Lisette Oropesa in Armani Privé
I sarti di Dolce&Gabbana. Molta ammirazione generale della sartoria della Scala per i colleghi dell’atelier di Dolce&Gabbana che hanno seguito praticamente in scena il regista Davide Livermore cucendogli addosso un frac di grande personalità, ideale per il suo racconto conclusivo sul valore patrio del teatro, e quel fatidico 11 maggio del 1946 in cui Arturo Toscanini, rientrato in Italia dopo il celebre e famigerato schiaffo per essersi rifiutato di dirigere l’inno fascista “giovinezza”, commosse l’Italia e il mondo intero salendo sul podio ricostruito in pochi mesi. Il Teatro alla Scala ha cadenzato, punteggiato e orchestrato tutti i fatti storici più rivoluzionari degli ultimi due secoli
Body positivity significa anche diritto di cambiare taglia.
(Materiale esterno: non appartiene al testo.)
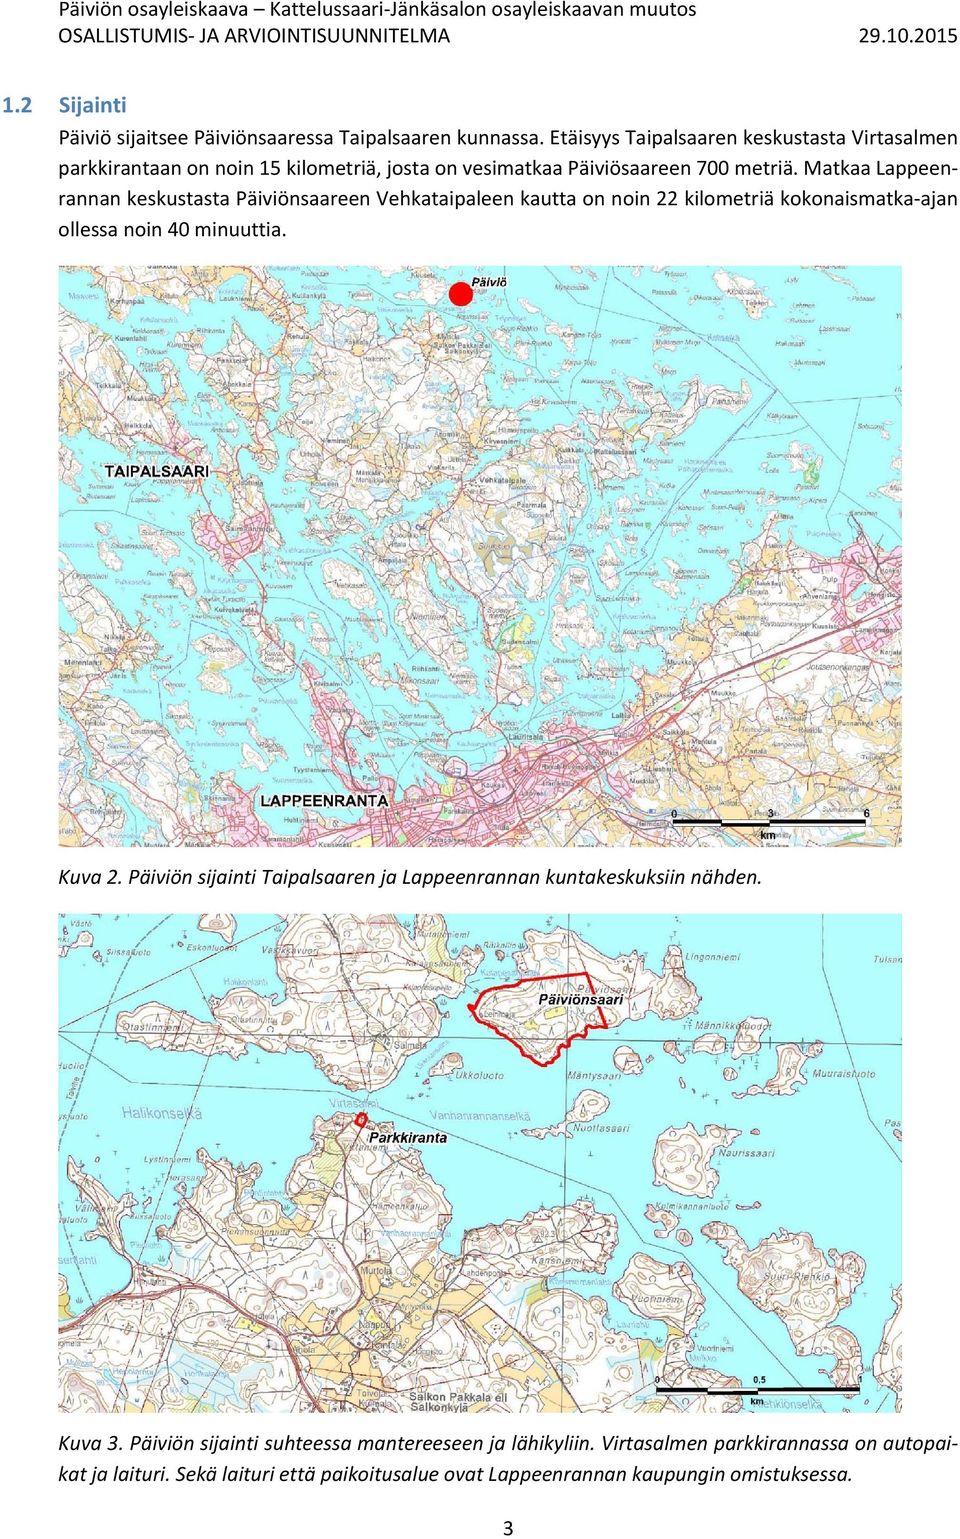 Matkaa Lappeenrannan keskustasta Päiviönsaareen Vehkataipaleen kautta on noin 22 kilometriä kokonaismatka ajan ollessa noin 40 minuuttia. Kuva 2.

Dopo averci fatto capire che cosa sarebbe stata la sua Lucia di Lammermoor con un toccante “regnava nel silenzio” (per favore, gentile signora Maria Di Freda che governa il teatro, la riprogrammi appena possibile) Lisette Oropesa, elegante e bellissima interprete anche di una delle linee più difficili di Giorgio Armani, ha mostrato al mondo intero che aver perso molti chili non vuol dire rinnegare il proprio sé e non necessiti di commenti, tanto meno irritati o irridenti. Vuol dire, semplicemente, desiderare un altro corpo, o averne bisogno per rispondere ad esigenze professionali imprescindibili. Lisette Oropesa voleva dimostrare al mondo intero di poter sbaragliare qualunque rivale in qualunque ruolo. Come la Callas. Crediamo che cambiare pelle sia un’opportunità data a tutti: lei l’ha colta al meglio.
Kristine Opolais in Giorgio Armani
I vestiti godono di vita propria ma di letture personali. Gli strepitosi curatori del programma radiofonico di RadioTre “La barcaccia” commentavano ammirati l’abito di Marina Rebekha in “Un bel dì vedremo” dall’ampia scollatura disseminata di fiori. “Ecco, le verbene”, commentavano. Era un abito di collezione di Dolce&Gabbana, naturalmente, magnificamente adattato per le misure della cantante lungo quella speciale “idea inclusiva di femminilità” che Falaschi riconosce fra le massime attrattive dell’atelier. Ed era ovviamente perfetto per evocare gli olezzi di verbena dell’aria pucciniana.
Maria Chiara Centorami ha molto insistito per vestire Marco De Vincenzo. Aveva molta ragione.
Laura Marinoni non ha indossato il Gianluca Capannolo rosa che nella ripresa compare appeso in camerino, recitando in sottoveste. Ha molto sbagliato (ha sbagliato anche il tono di recitazione della poesia di Eugenio Montale “Ho sceso un milione di scale dandoti il braccio”, che da intima e commovente si è trasformata in un dramma sceneggiato davvero fuori luogo, per non dire di averla declamata molto didascalicamente sulle scale del padiglione Mario Botta, ma questa è un’altra faccenda).
Caterina Murino offusca i vestiti. O, meglio, li rende parte di sé. Come dovrebbe fare ogni vera attrice. E lei lo è. Interpretare in tulle rosa un ruolo maschile drammatico come quello di Triboulet ne Le Roi s’amuse, insomma il Rigoletto originario narrato da Victor Hugo, non era evidente. Grandiosa.